# Banking



## jeff4051 (Mar 28, 2016)

I am currently with Santander in Uk will be opening a Spanish Account in Oct which is the best bank in Torrevieja area, cheapest and do they charge you to take money out of an ATM???


----------



## snikpoh (Nov 19, 2007)

jeff4051 said:


> I am currently with Santander in Uk will be opening a Spanish Account in Oct which is the best bank in Torrevieja area, cheapest and do they charge you to take money out of an ATM???


It really all depends upon your circumstances.

Many Spanish banks offer a FREE account if you deposit sufficient funds each month. For example, the Sabadell Expansion account has ZERO charges and even gives money back on utility bills paid by direct debit if you deposit sufficient funds each month.


As regards ATM's, if you use an ATM that is on the same network as your bank account, then all withdrawals are (currently) free.

My other piece of advice is to choose a bank based on how good its online portal is.


----------



## tebo53 (Sep 18, 2014)

I am with Sabadell and have the expansion account. You need to deposit min €700 per calendar month to get everything free etc. 

Never had any problems with the bank and their internet banking is easy.

Steve


----------



## snikpoh (Nov 19, 2007)

tebo53 said:


> I am with Sabadell and have the expansion account.
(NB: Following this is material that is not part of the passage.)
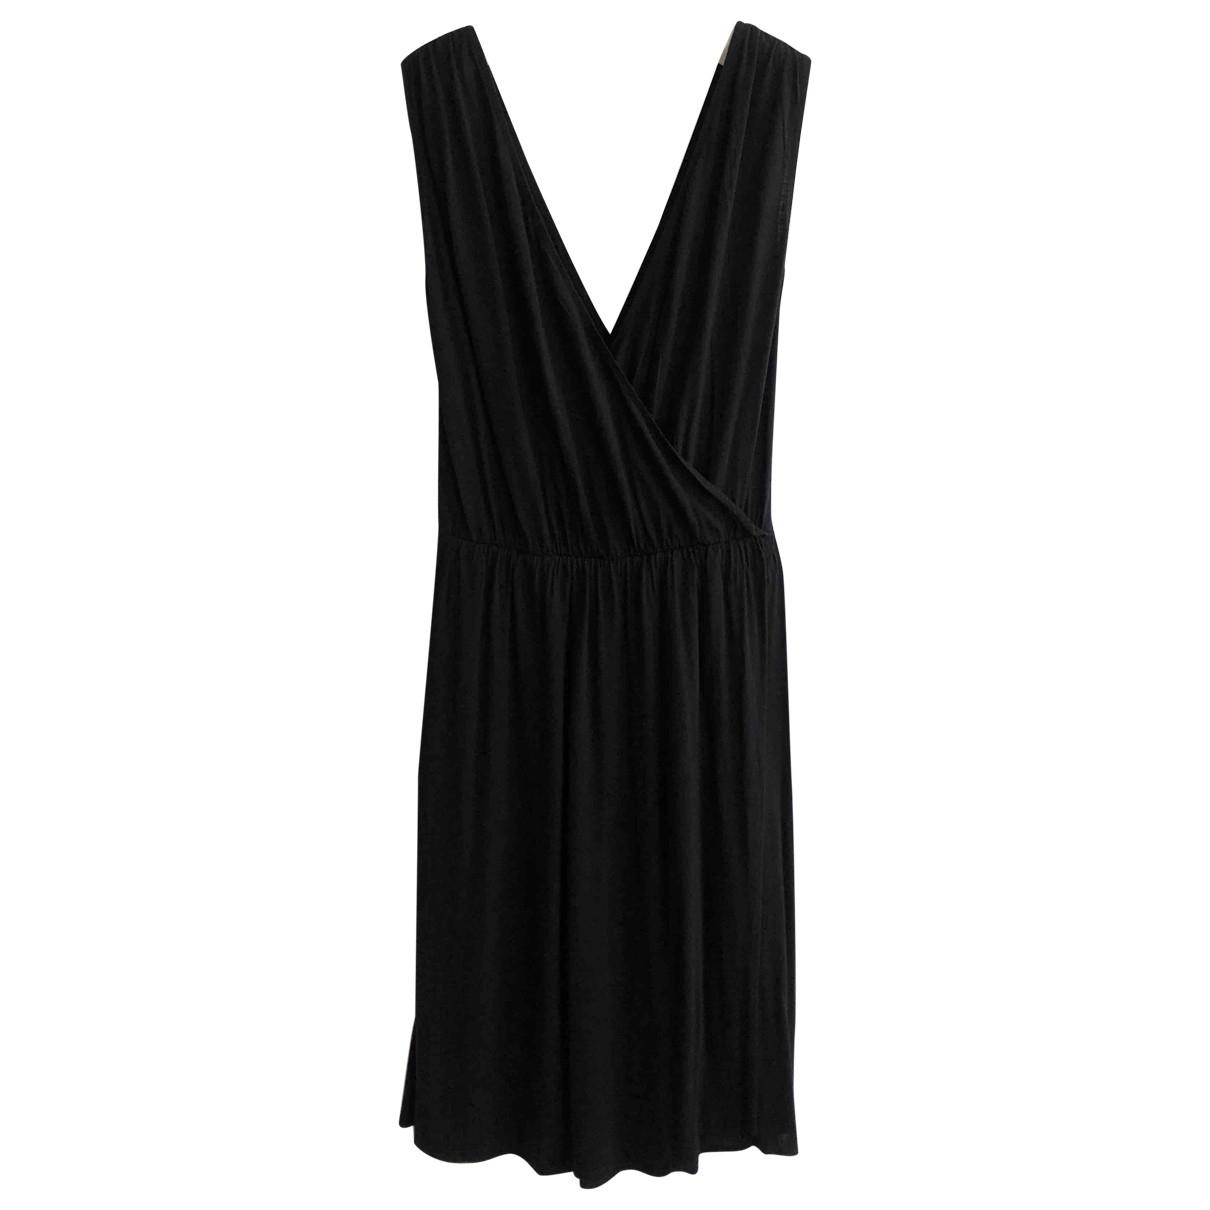 Maison Martin Margiela \N Black Cotton - elasthane dress for Women 42 IT
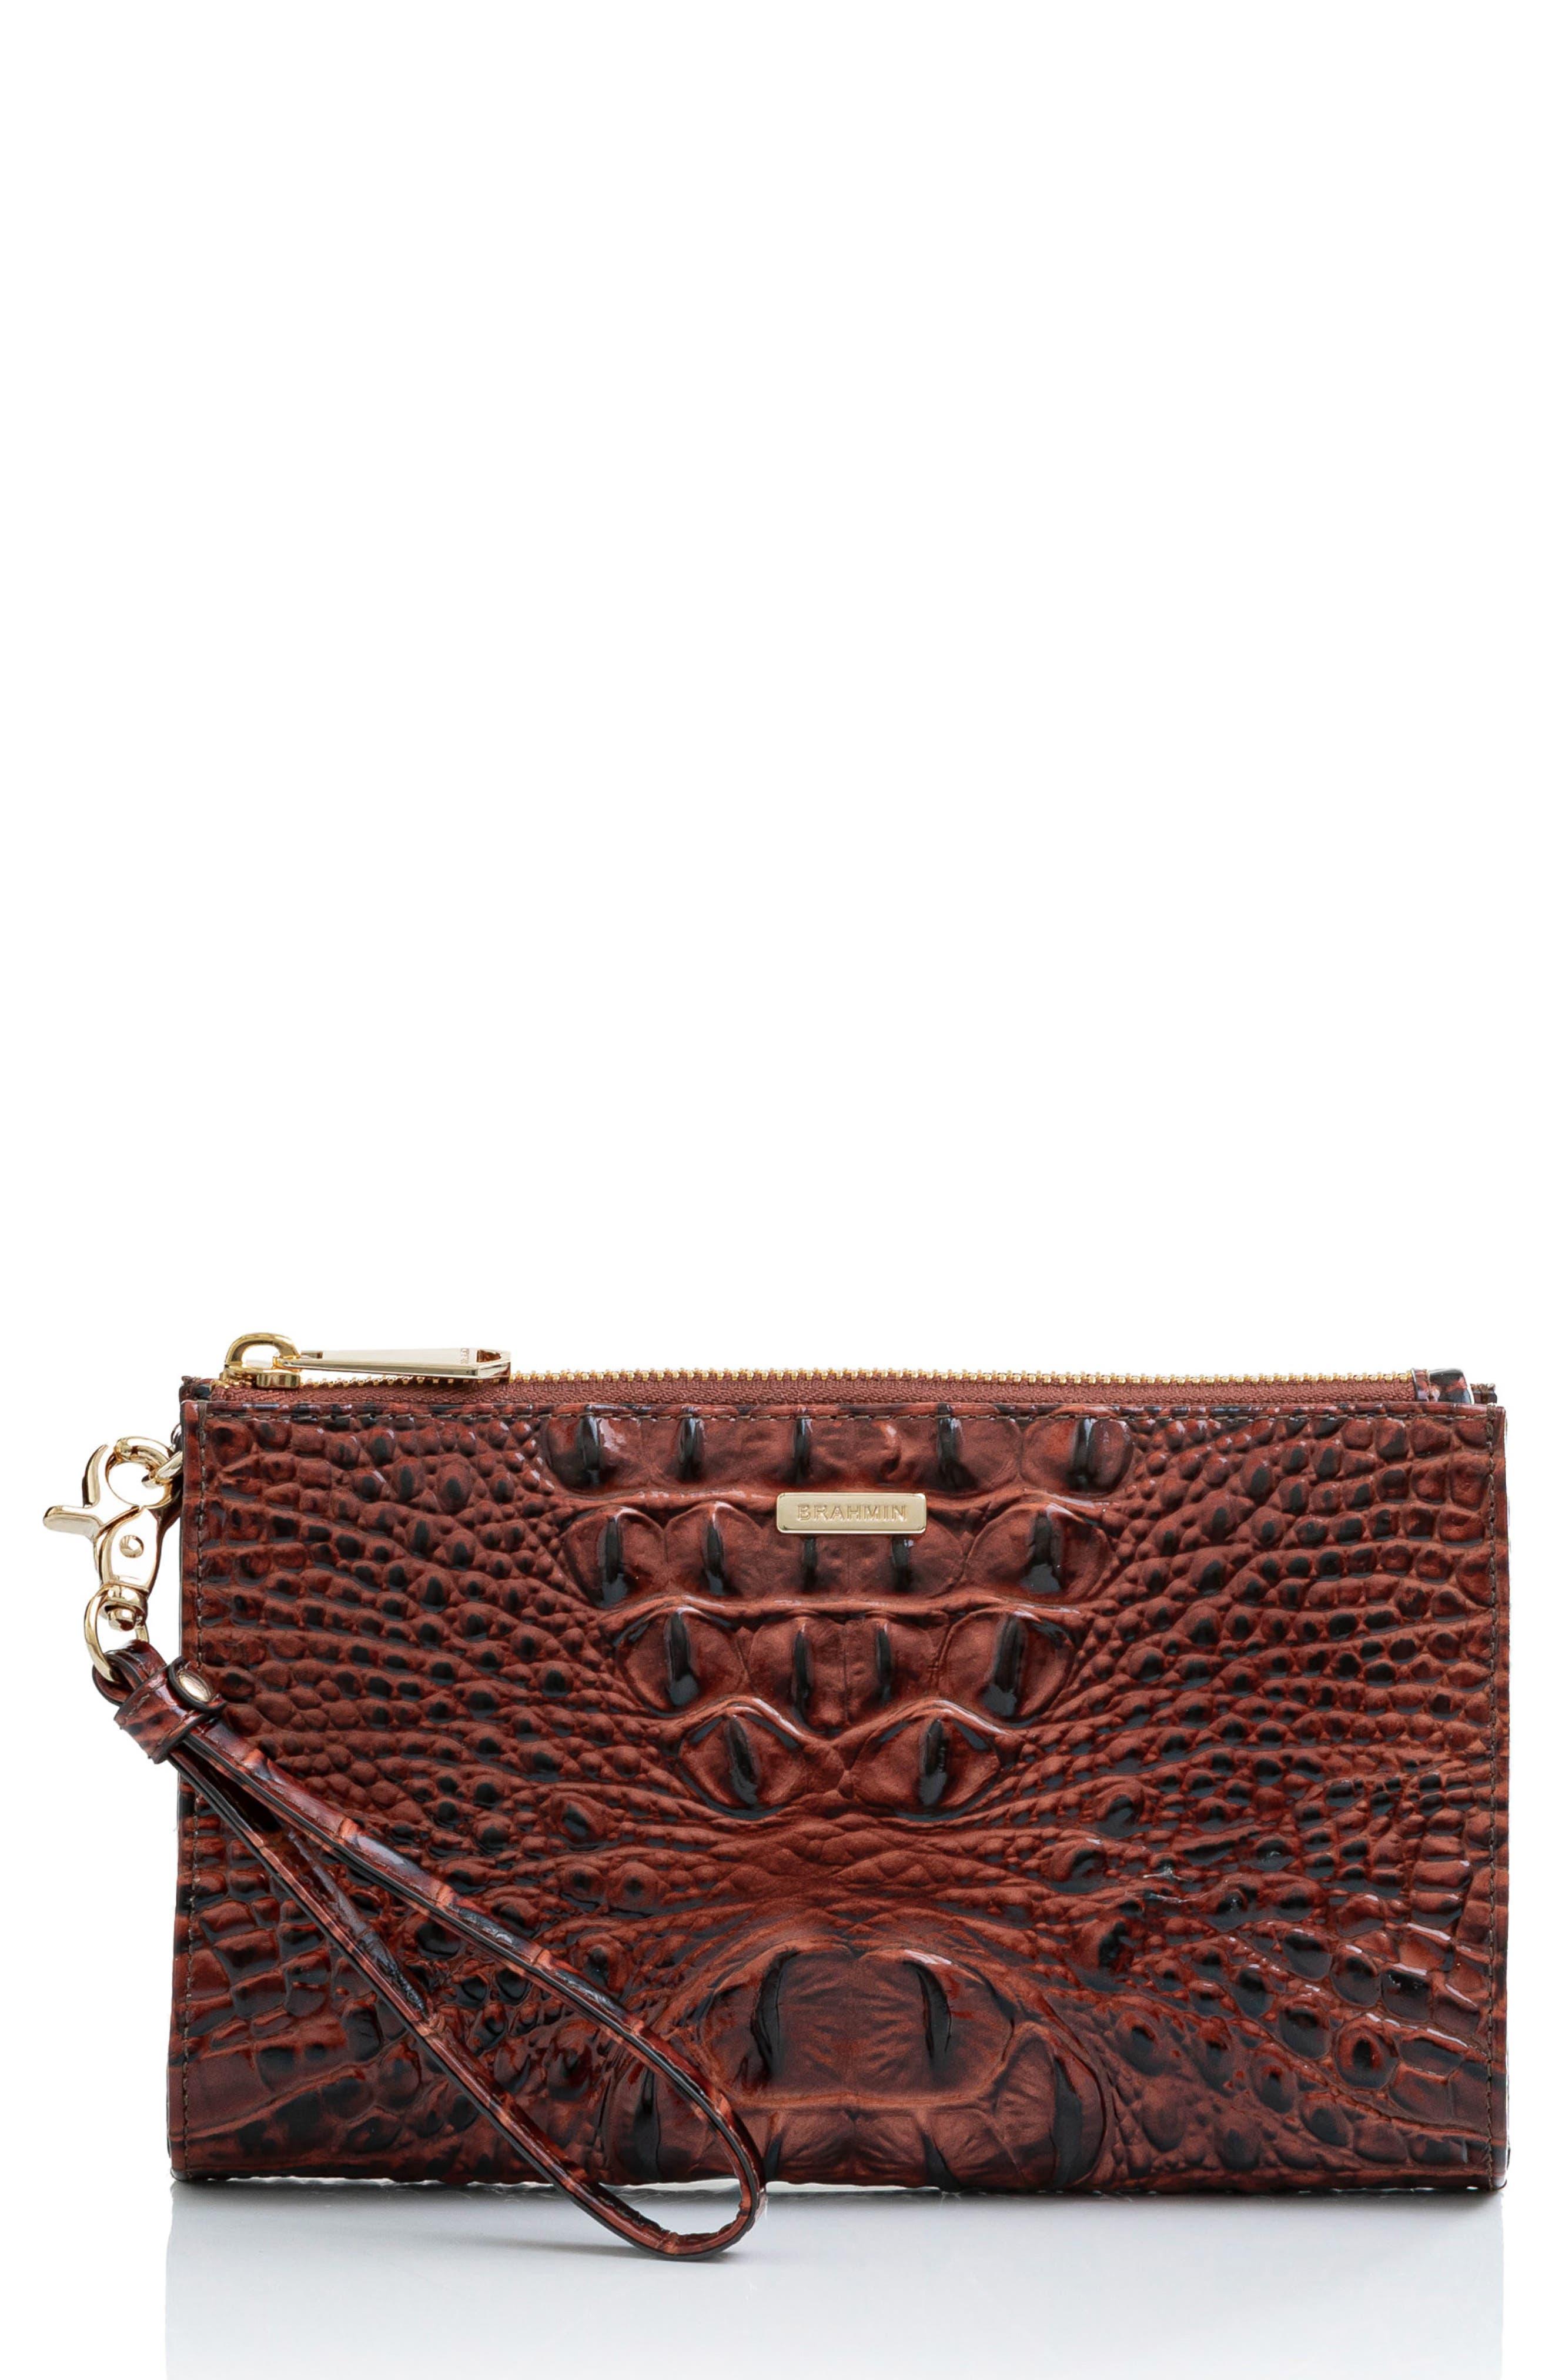 Daisy Croc Embossed Leather Wristlet

You need to deposit min €700 per calendar month to get everything free etc.
> 
> Never had any problems with the bank and their internet banking is easy.
> 
> Steve


We also have the expansion account but do NOT make regular payments of 700€ per month. We choose to send over larger sums irregularly - talk to the manager if that's how you want to do it. Bank managers in Spain have a deal more autonomy than in UK.


----------



## jeff4051 (Mar 28, 2016)

Thanks for replies


----------



## baldilocks (Mar 7, 2010)

My twopenn'orth: Make sure that there is a branch with a cash machine where you will be living and not 15-20 km away in the nearest town (bl**dy nuisance if you want some cash in a hurry!)


----------



## Alcalaina (Aug 6, 2010)

baldilocks said:


> My twopenn'orth: Make sure that there is a branch with a cash machine where you will be living and not 15-20 km away in the nearest town (bl**dy nuisance if you want some cash in a hurry!)


Or a bank in the same ATM network - ServiRed, 4B or Euro6000 - that doesn't charge commission to each other's customers.


----------



## jeff4051 (Mar 28, 2016)

Thanks for replies will go with Sabadell bank near where going to live


----------